Time frame: Immediately post-intervention
Decisional conflict
To assess decisional conflict, we will use the validated 16-item Decisional Conflict scale. \[https://doi.org/10.1177/0272989X9501500105\] This scale measures personal perceptions of a) uncertainty in the choice of options; b) modifiable factors contributing to uncertainty, such as feelings of being uninformed, unclear about personal values and unsupported in decision-making; and c) decision-making effectiveness, such as feelings that the choice is informed, value-based, actionable and expressions of satisfaction with the choice.
Time frame: Immediately post-intervention
Risk perception
Specifically, we will assess risk perception according to measures in the consortium core outcome set. \[https://doi.org/10.1136/bmjopen-2025-099537\]
Time frame: Immediately post-intervention
Values congruence
Values congruence refers to the extent to which a decision aligns with one's personal values. To assess perceived values congruence, we will analyse the Values Clarity subscale of of the Decisional Conflict Scale. \[https://doi.org/10.1177/0272989X9501500105\] We will also analyse actual congruence between stated values measured prior to the decision on a visual analogue scale with the decision ultimately made.

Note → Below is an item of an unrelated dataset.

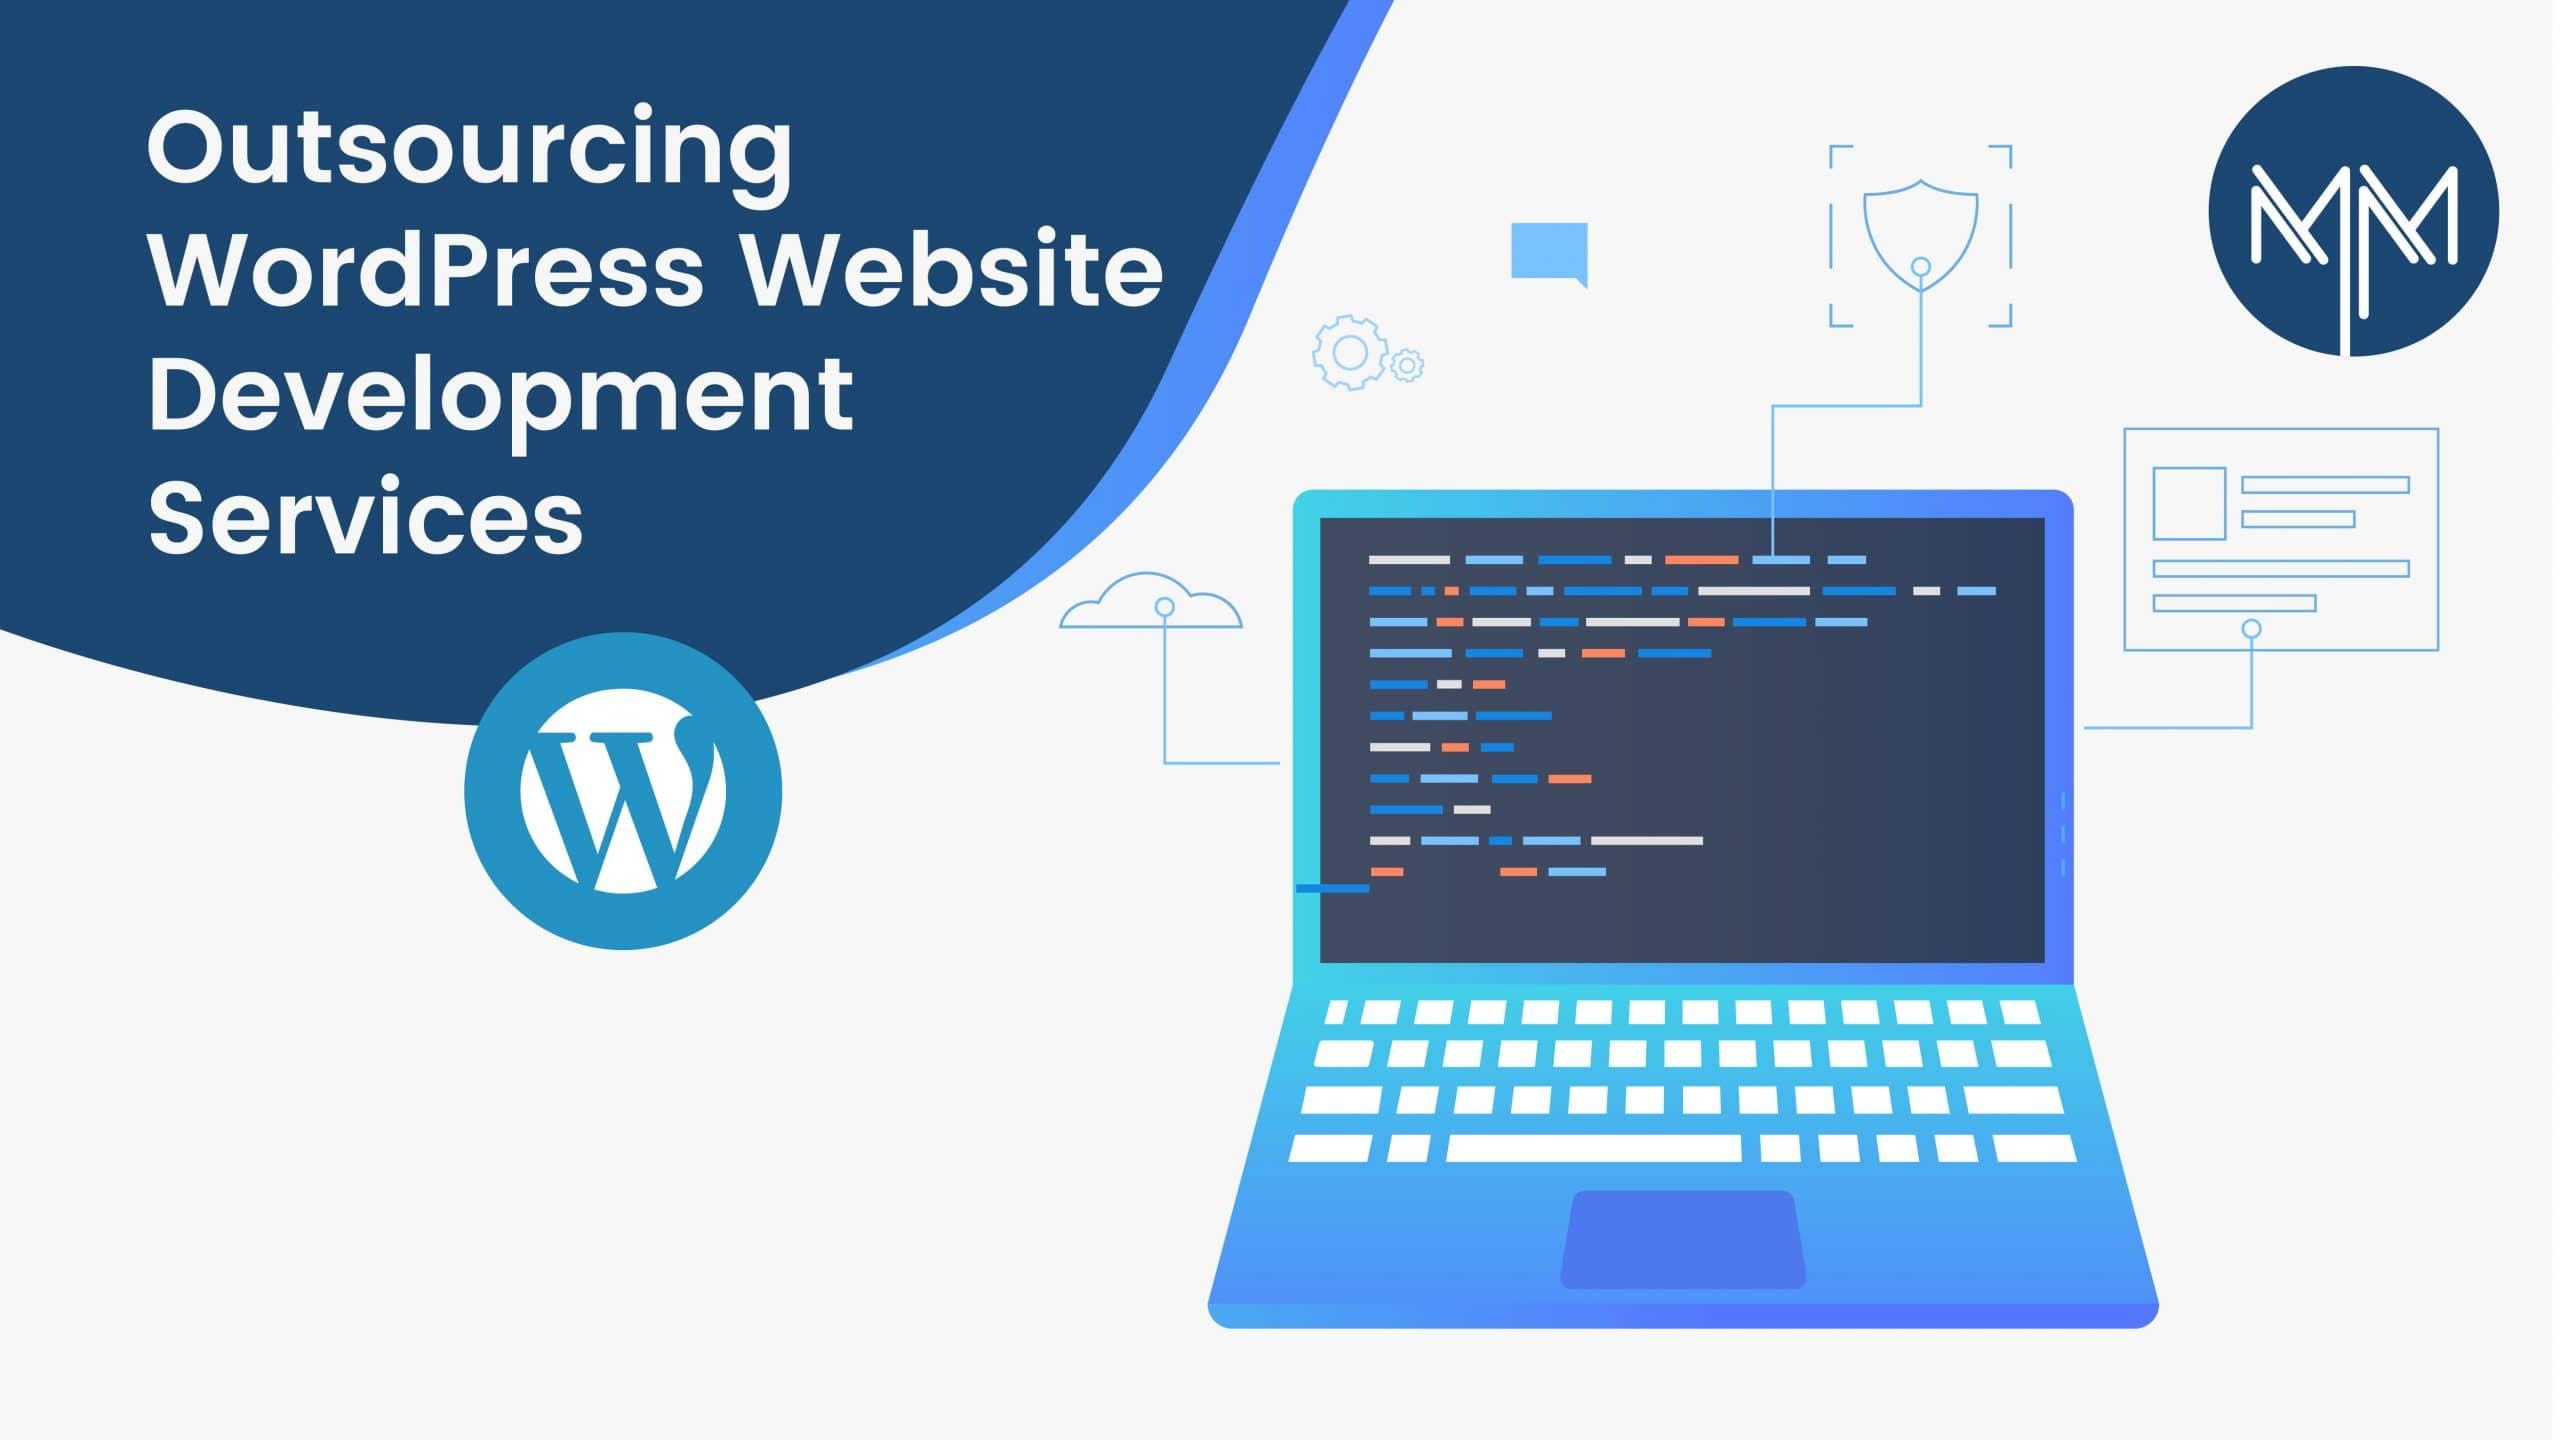 Outsourcing WordPress Website Development Services
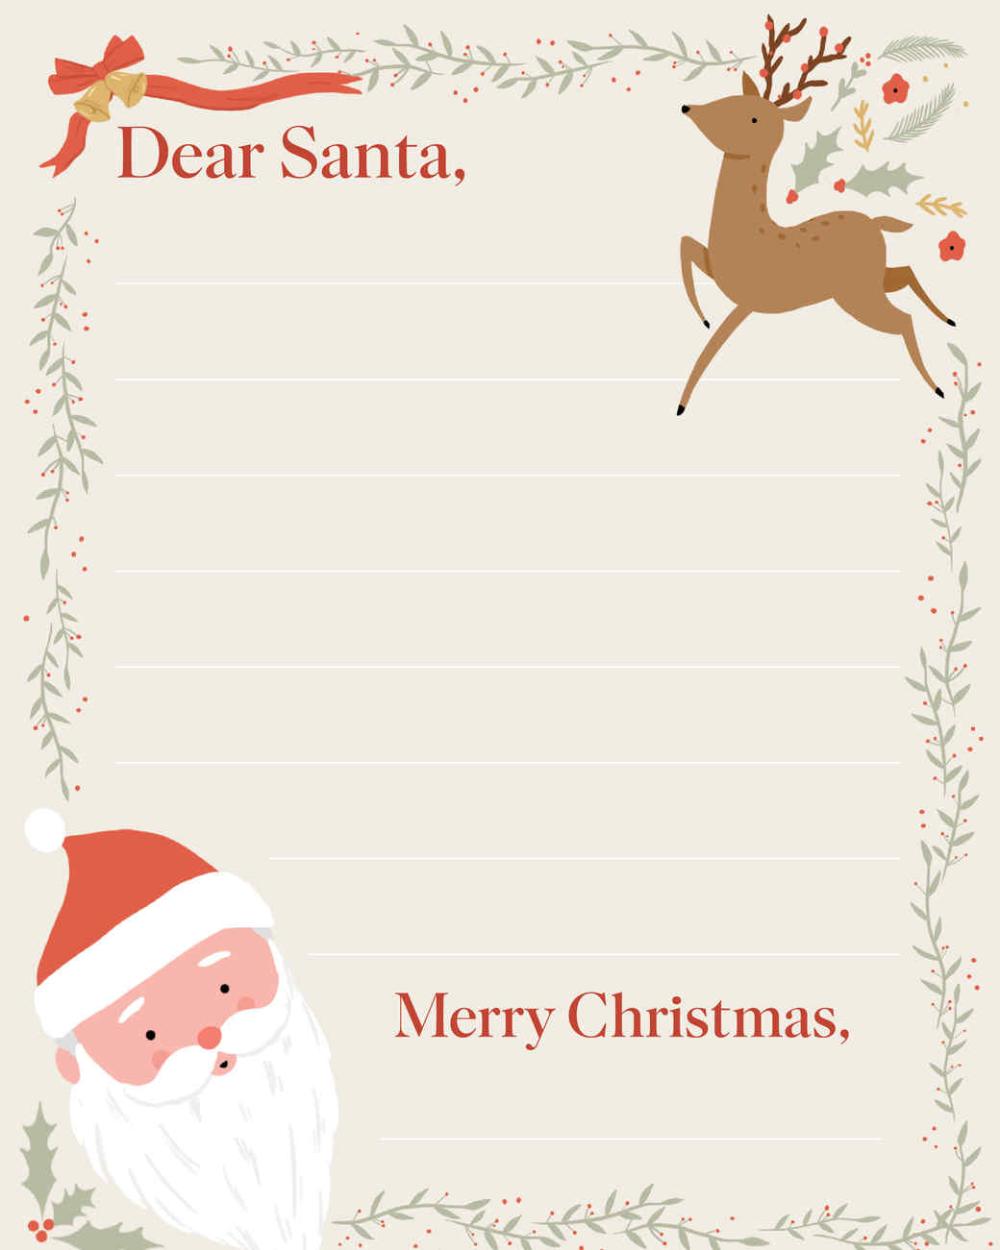 Letter to Santa Santa letter, Santa letter template

Time frame: Immediately post-intervention
Decision intentions
For decision intentions, we will elicit people's inclination or propensity to choose an option depending on the case (for example, getting one's child a genetic test or antibody tests, or enrolling one's child in follow-up activities such as participation in clinical trials.) We will use a 101-point visual analogue scale with labels at each extremity and in the middle. We will assign a value of -50 to one extremity, with a label such as, "will definitely not get my child tested for antibodies against type 1 diabetes," a value of 0 at the centre with a label such as, "unsure" and a value of +50 at the other extremity with a label such as, "will definitely get my child tested for antibodies against type 1 diabetes."